**Exercise details:** Please give every line below again exactly, but not its pictures.
** Stored data follows **
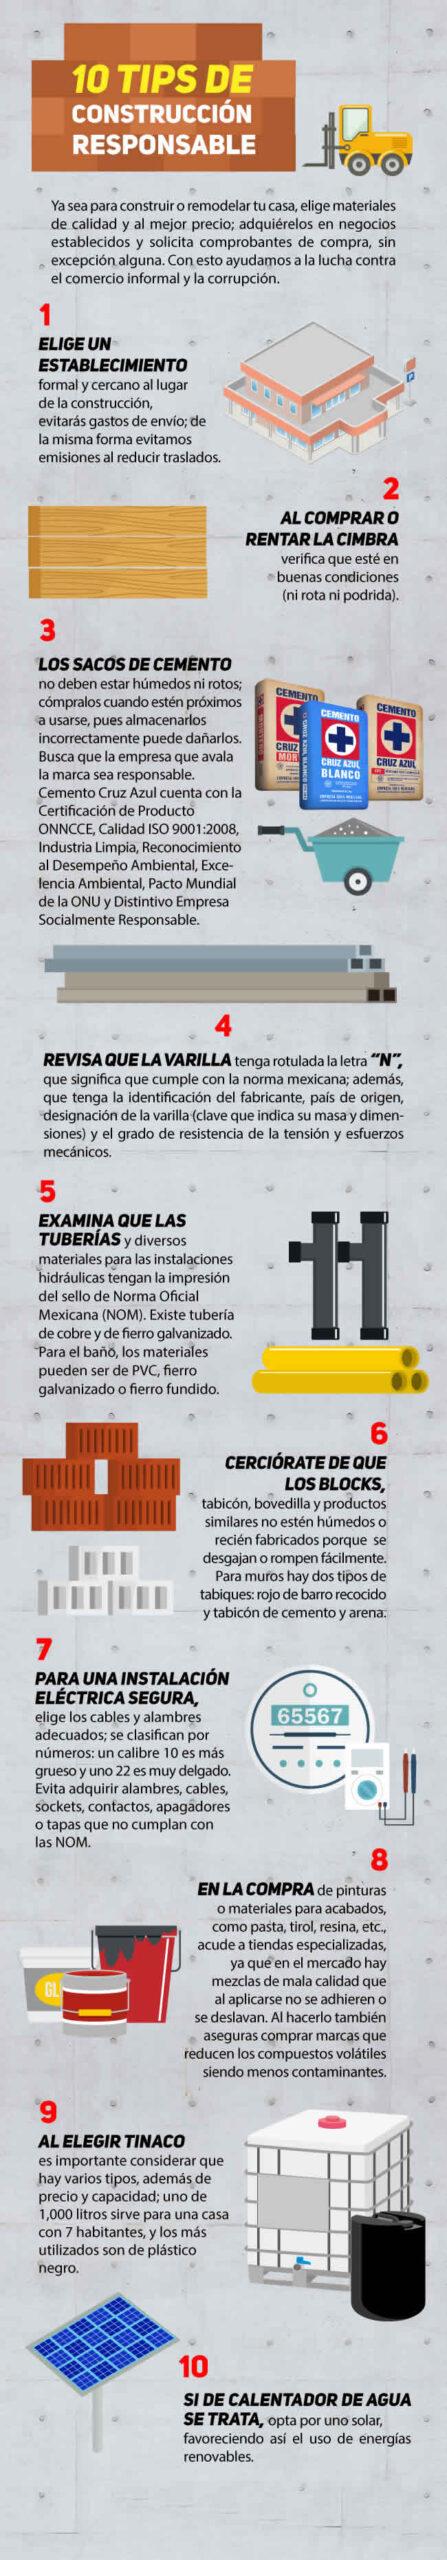 HERMES LLATAS CONSTRUCTORA | TIPS PARA LA CONSTRUCCION RESPONSABLE
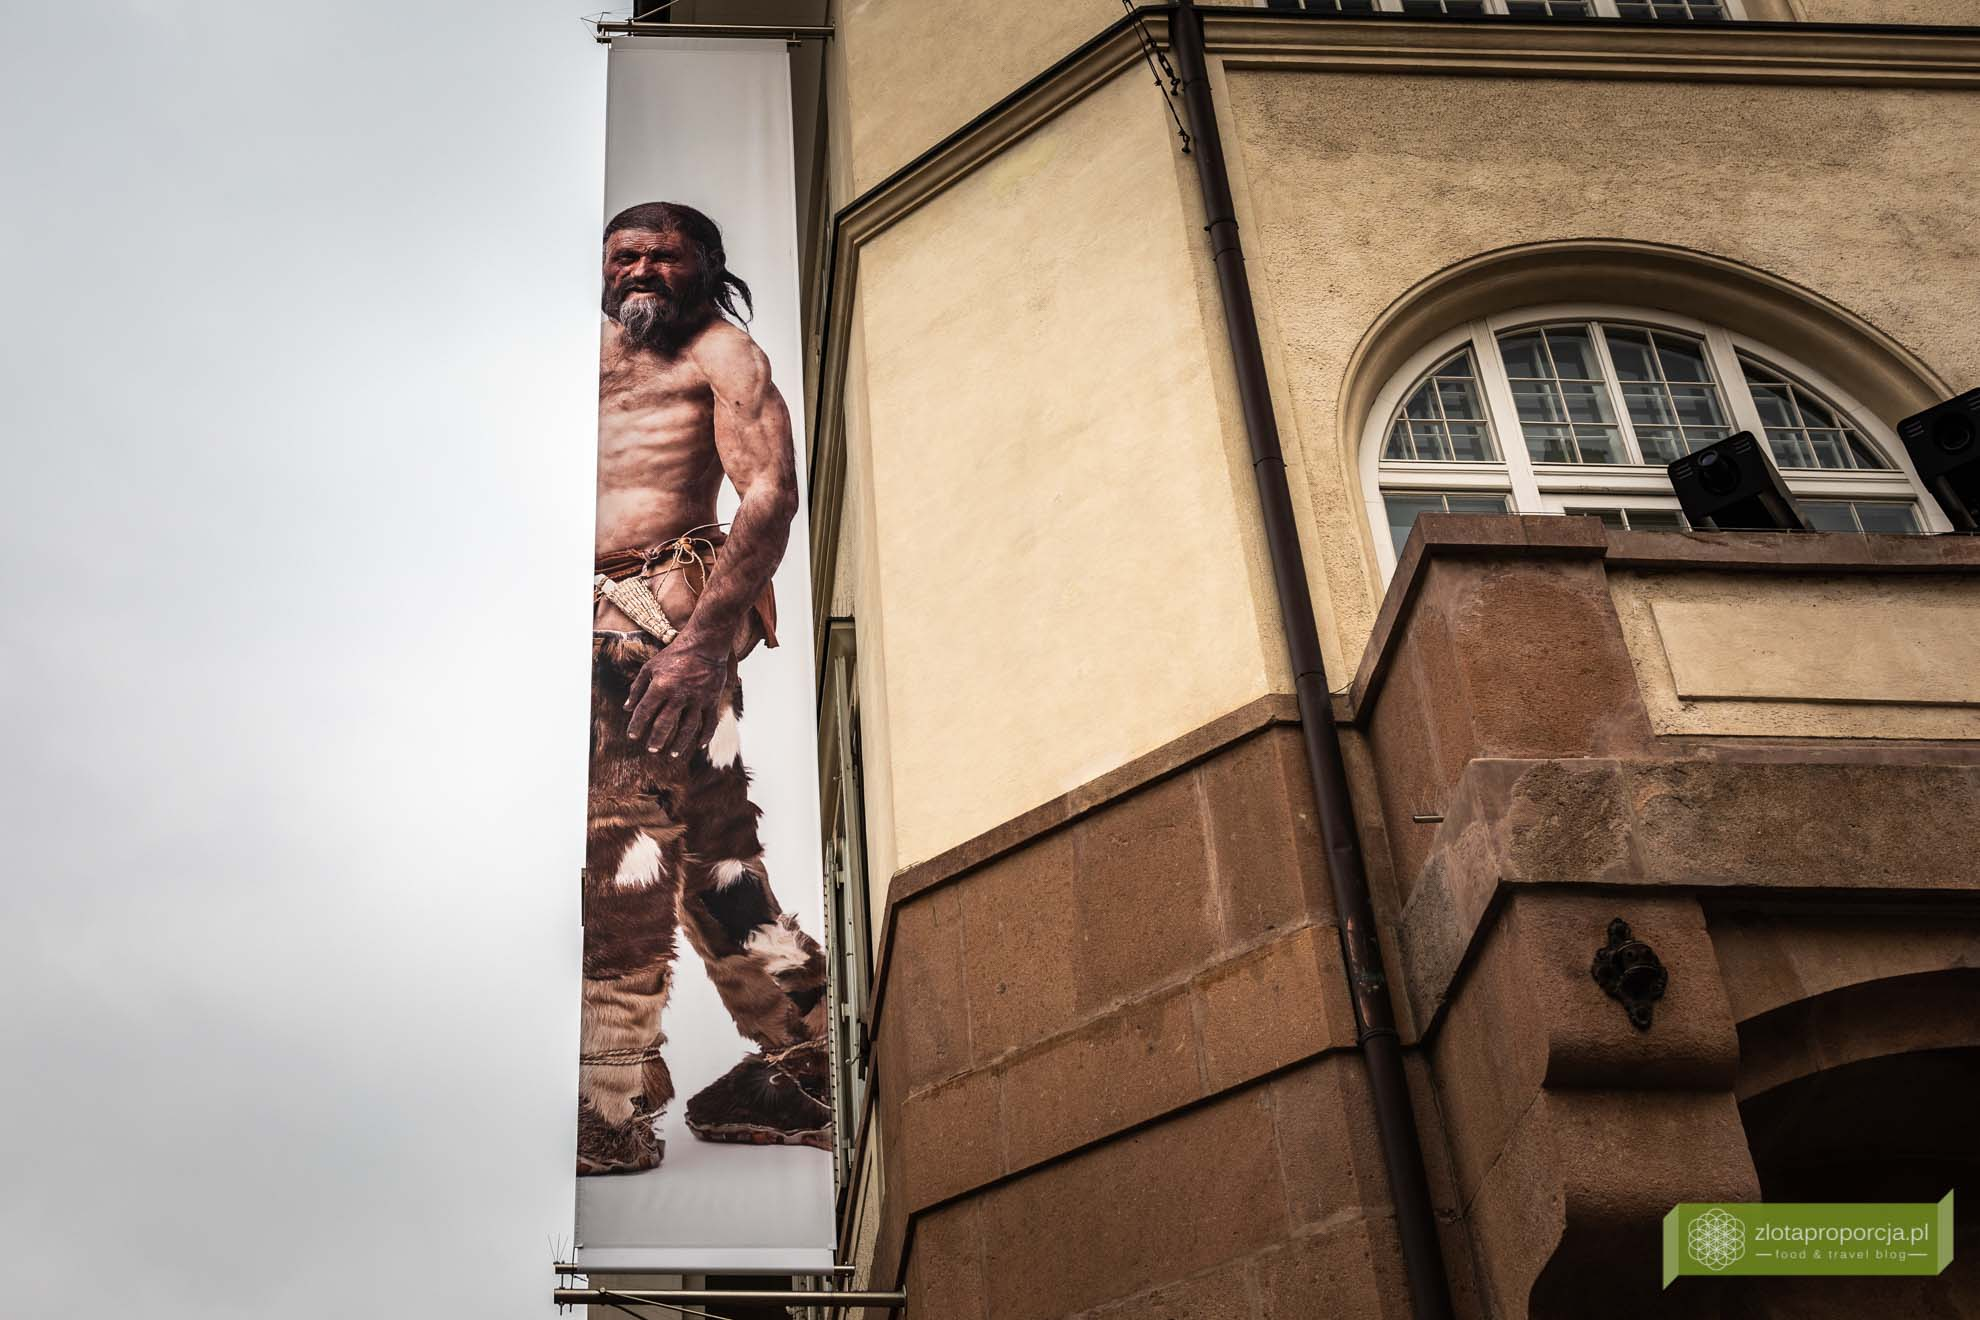 Ötzi, Muzeum Archeologicznym Górnej Adygi w Bolzano; Bolzano; Południowy Tyrol; stolica Południowego Tyrolu; atrakcje Południowego Tyrolu; Bolzano atrakcje; Bolzano Włochy; Otzi
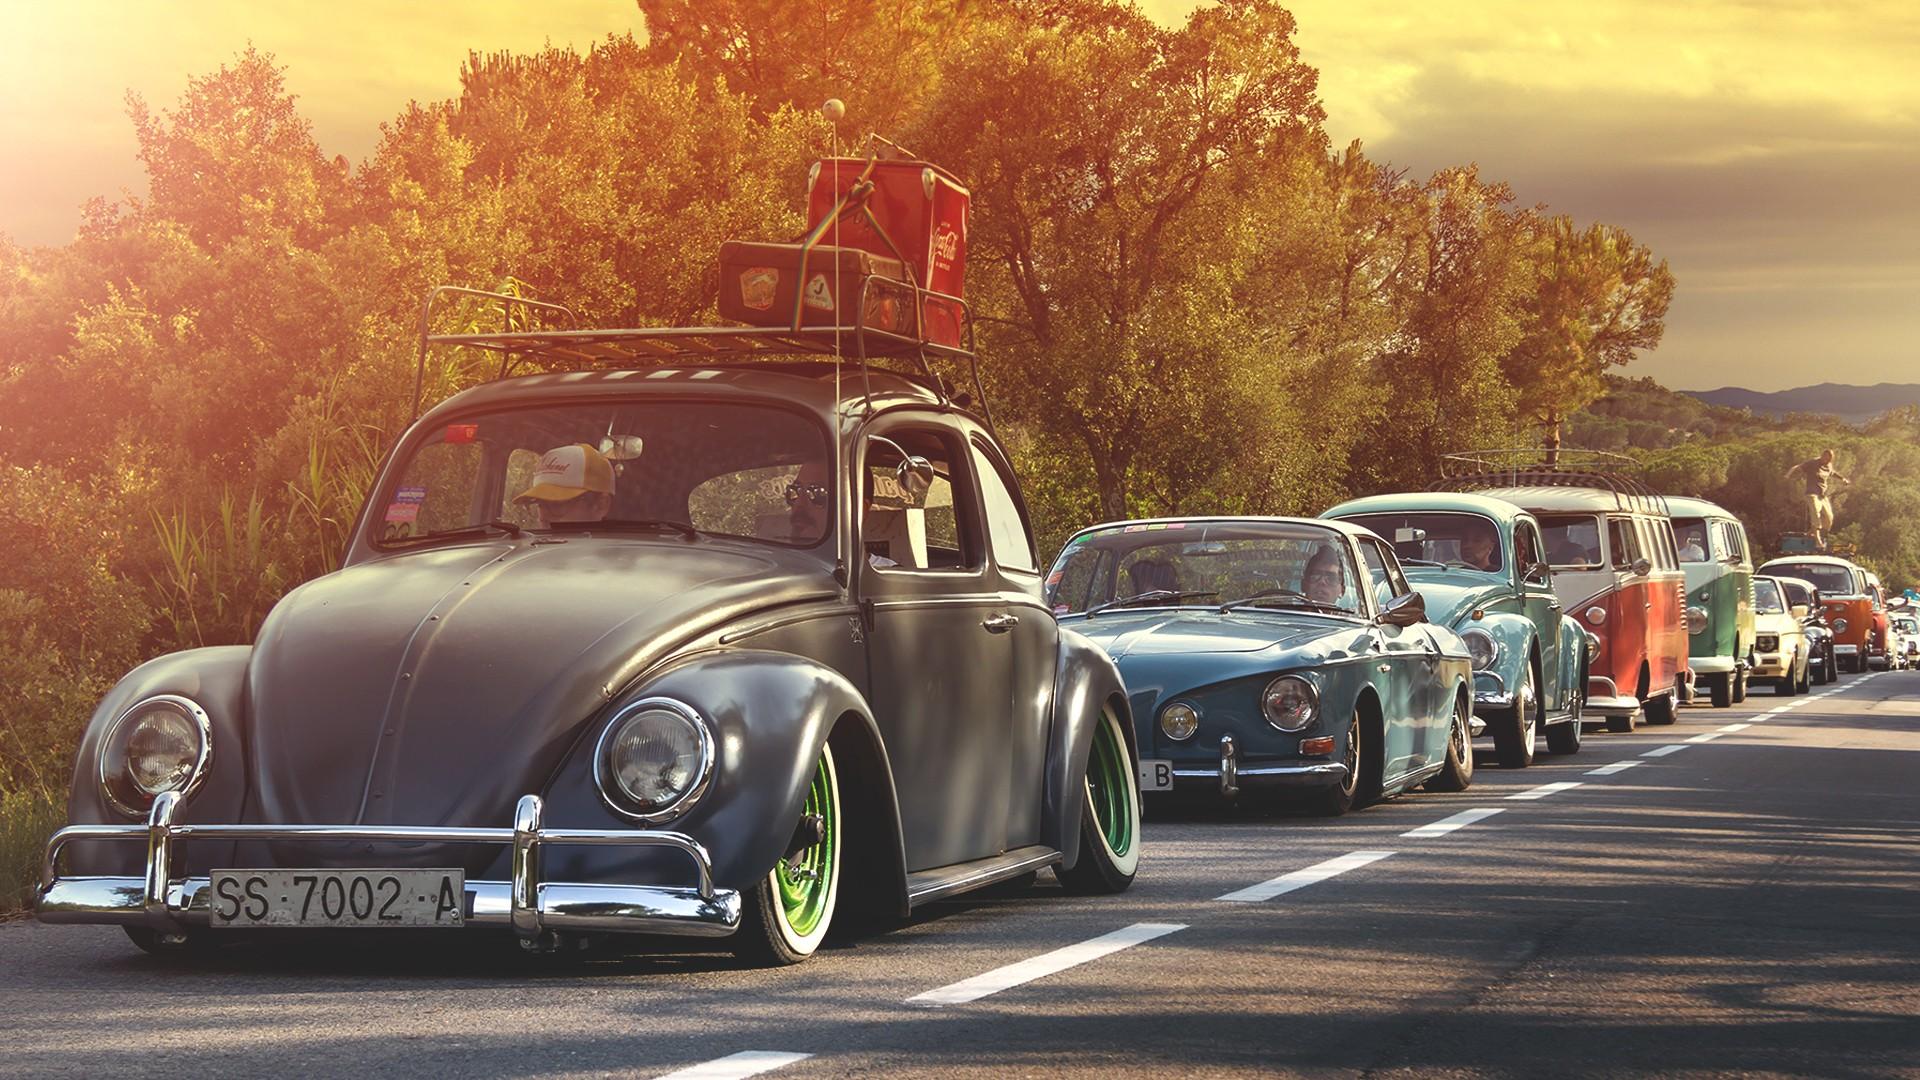 Lowrider Car Hd Wallpaper Wallpaper Carros Antigos Hd Ma17 Ivango
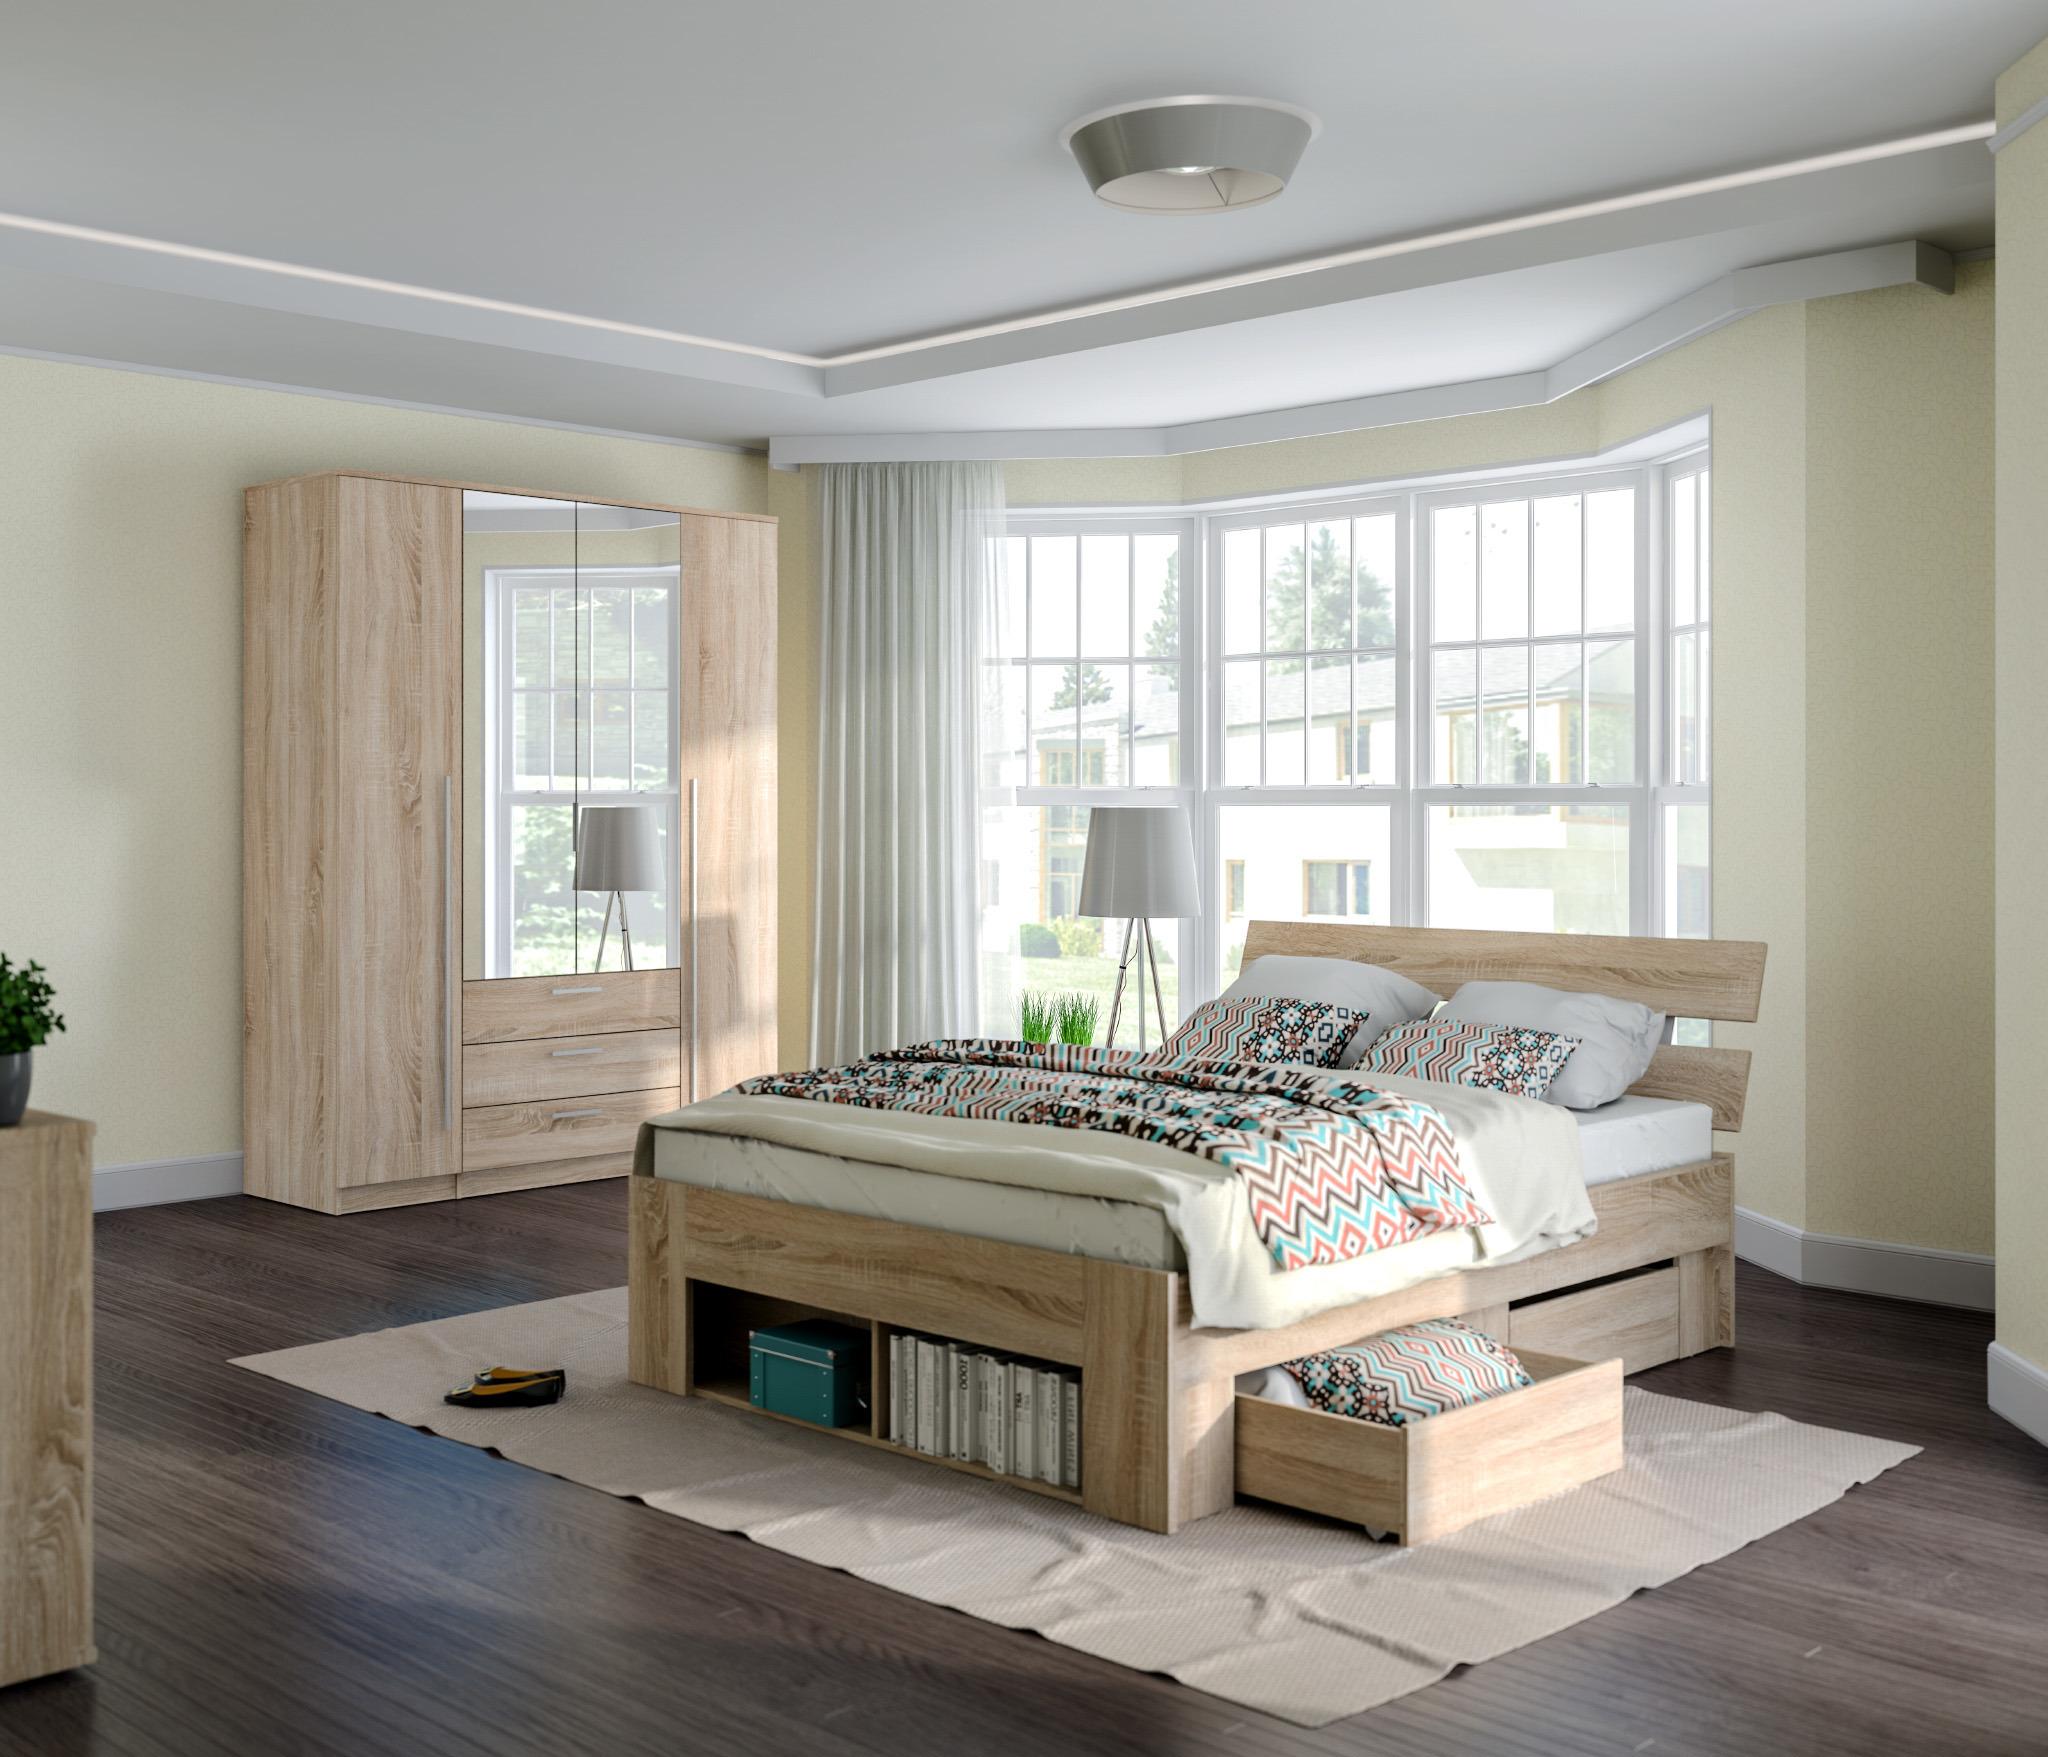 Берлин(Николь) Комплект 5 для спальни (кровать+2ящ+шк Николь 4дв)Спальные гарнитуры<br><br><br>Длина мм: 0<br>Высота мм: 0<br>Глубина мм: 0
** End of Stored data **
**Completed task:**
 HERMES LLATAS CONSTRUCTORA | TIPS PARA LA CONSTRUCCION RESPONSABLE
 Ötzi, Muzeum Archeologicznym Górnej Adygi w Bolzano; Bolzano; Południowy Tyrol; stolica Południowego Tyrolu; atrakcje Południowego Tyrolu; Bolzano atrakcje; Bolzano Włochy; Otzi
 Lowrider Car Hd Wallpaper Wallpaper Carros Antigos Hd Ma17 Ivango
 Берлин(Николь) Комплект 5 для спальни (кровать+2ящ+шк Николь 4дв)Спальные гарнитуры<br><br><br>Длина мм: 0<br>Высота мм: 0<br>Глубина мм: 0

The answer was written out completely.